Романов охотно принялся за дело: прямолинейные числа неизменно помогали отбросить из головы лишнее. Справились они со своей задачей и нынче. Всего лишь через час Романов замер, пораженный. Его глаза снова загорелись, движения пера по бумаге ускорились. В этот момент он больше не думал о домашней трагедии.
Не спеша с выводами, он полностью проверил все страницы до конца, затем попросил принести отчеты с других участков.
Романов с головой ушел в хитросплетения численных символов, перепроверив все с самого начала еще раз, и еще. К наступлению ночи он просчитал смету Вагнера четырежды, и лишь потом отложил перо и откинулся в кресле.
Он не ошибся: ровные колонки букв и цифр, выведенные мелким, но разборчивым почерком с редким уклоном влево, хранили чужой секрет. Тщательно продуманный и рассчитанный, грамотно и надежно укрытый, совсем незаметный при поверхностном взгляде – и при этом решительно беззаконный.
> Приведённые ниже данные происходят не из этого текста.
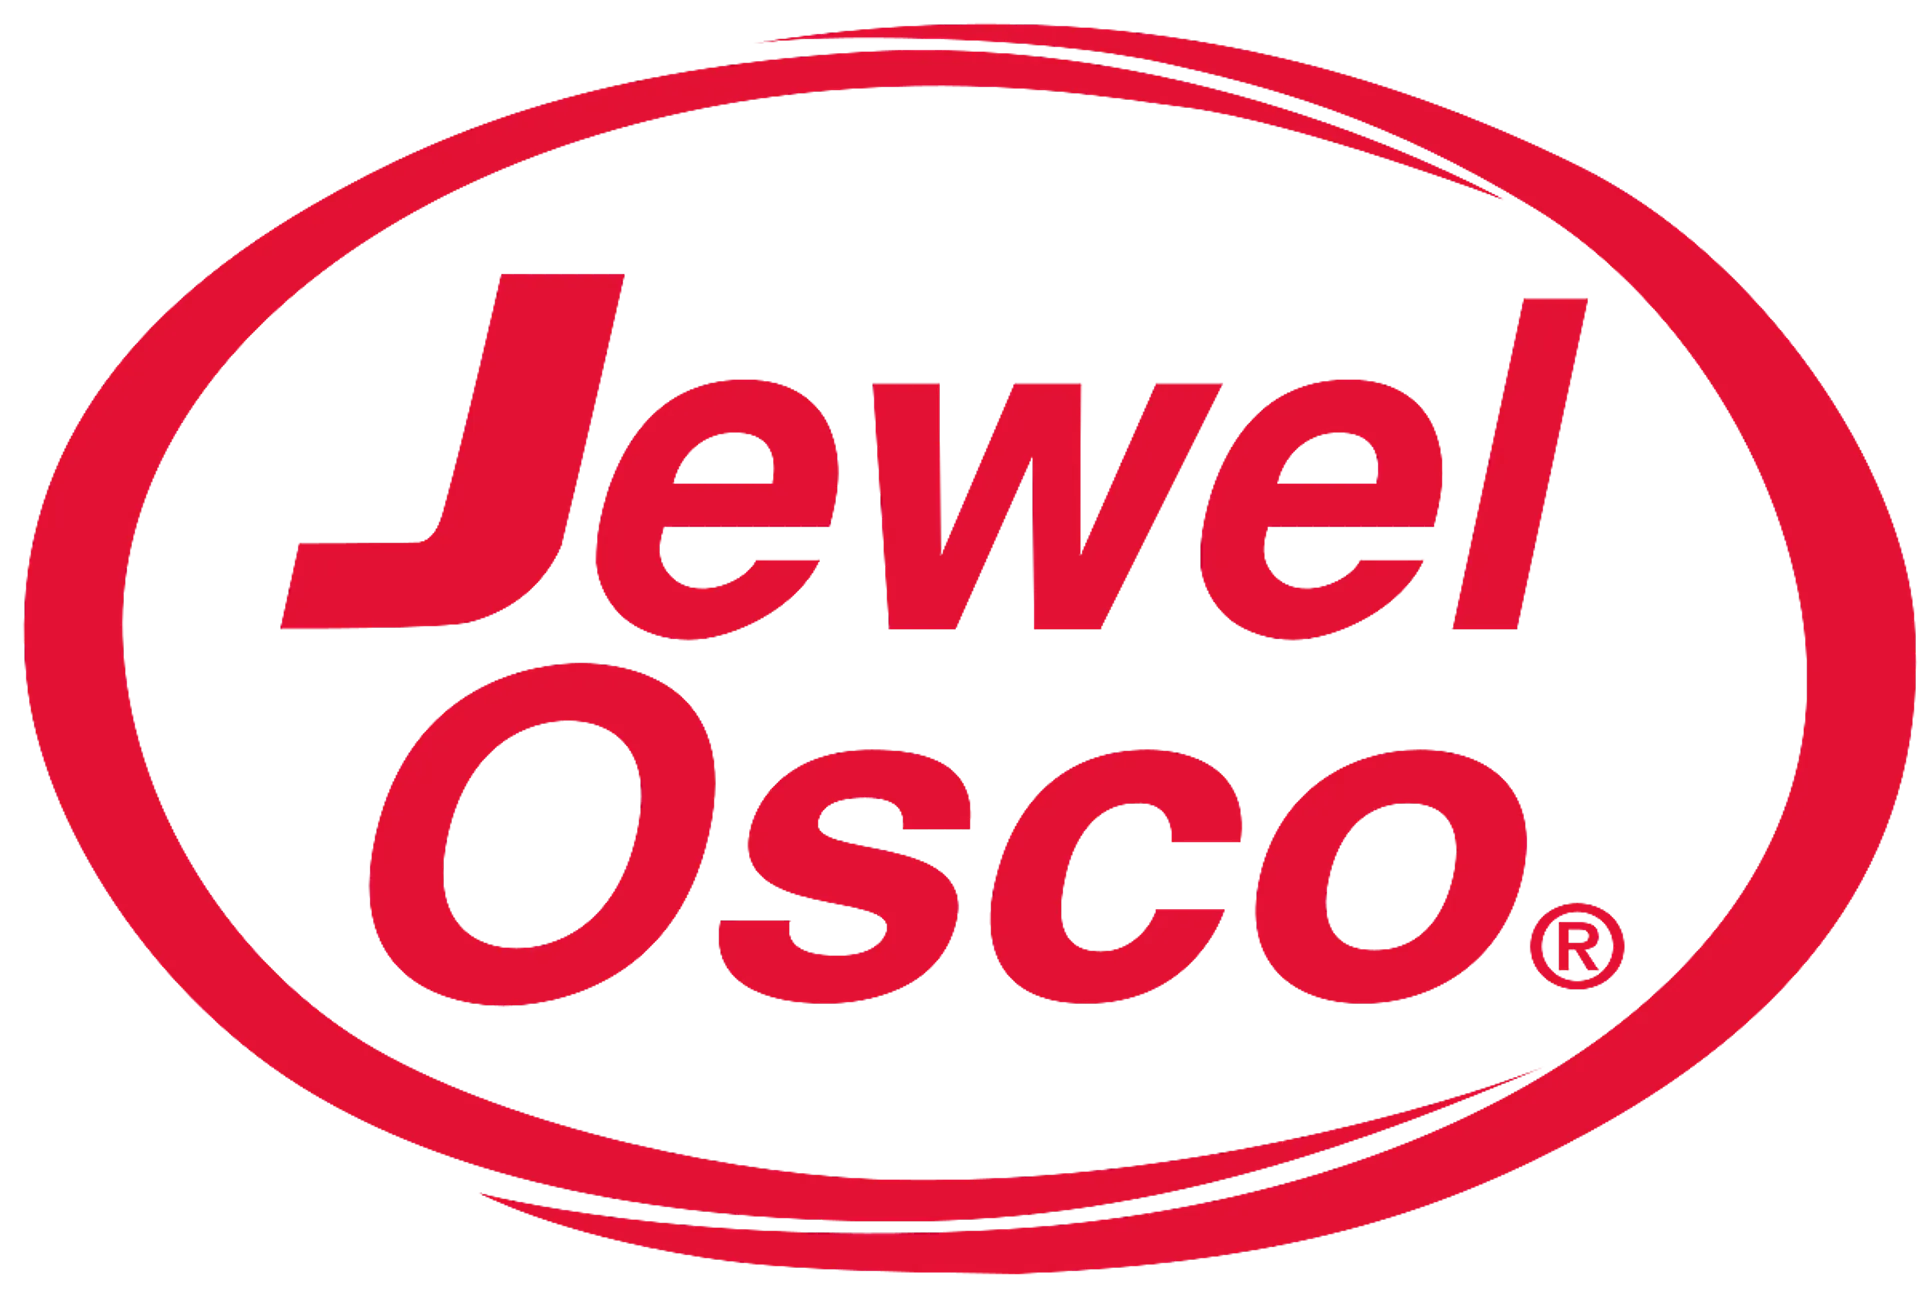 JEWEL OSCO logo current weekly ad

Числа говорили о людях – и при том столь хорошо знакомых Романову.
Было, над чем задуматься.
VI
Петляющие следы
Деникин сделал большой глоток из волшебного пузырька доктора. Какая жалость, что он уже подходил к концу.
Помощник полицмейстера обессилел. Он окончательно утратил счет времени, и вряд ли смог бы ответить, день за окном или дело к ночи.
Цербер Петр, недобрый ординарец генерал-губернатора, с чистой душой отправился восвояси. Как-никак, он выполнил повеление хозяина – отыскал полицмейстера. А о том, чтобы вдаваться в детали, наказа не было.
Почтовый курьер (дрожавший, как лист) вместе с ямщиком убыли в дешевые номера, спеша забыться в тепле дневным сном. Показав место, где нашли полицмейстера, малые окончили свое дело, и теперь могли позволить себе ни о чем не думать.
В свою мазанку на околице вернулся и водовоз, прикативший в тележке недобрый груз – окровавленное женское тело. Он поднял его из снега на опушке леса, куда пришел нарубить дров для растопки. Прислуга архитектора, пришедшая в управу спросить о его дочери, увидела тело первой – и с ужасом узнала в нем супругу капитана Вагнера.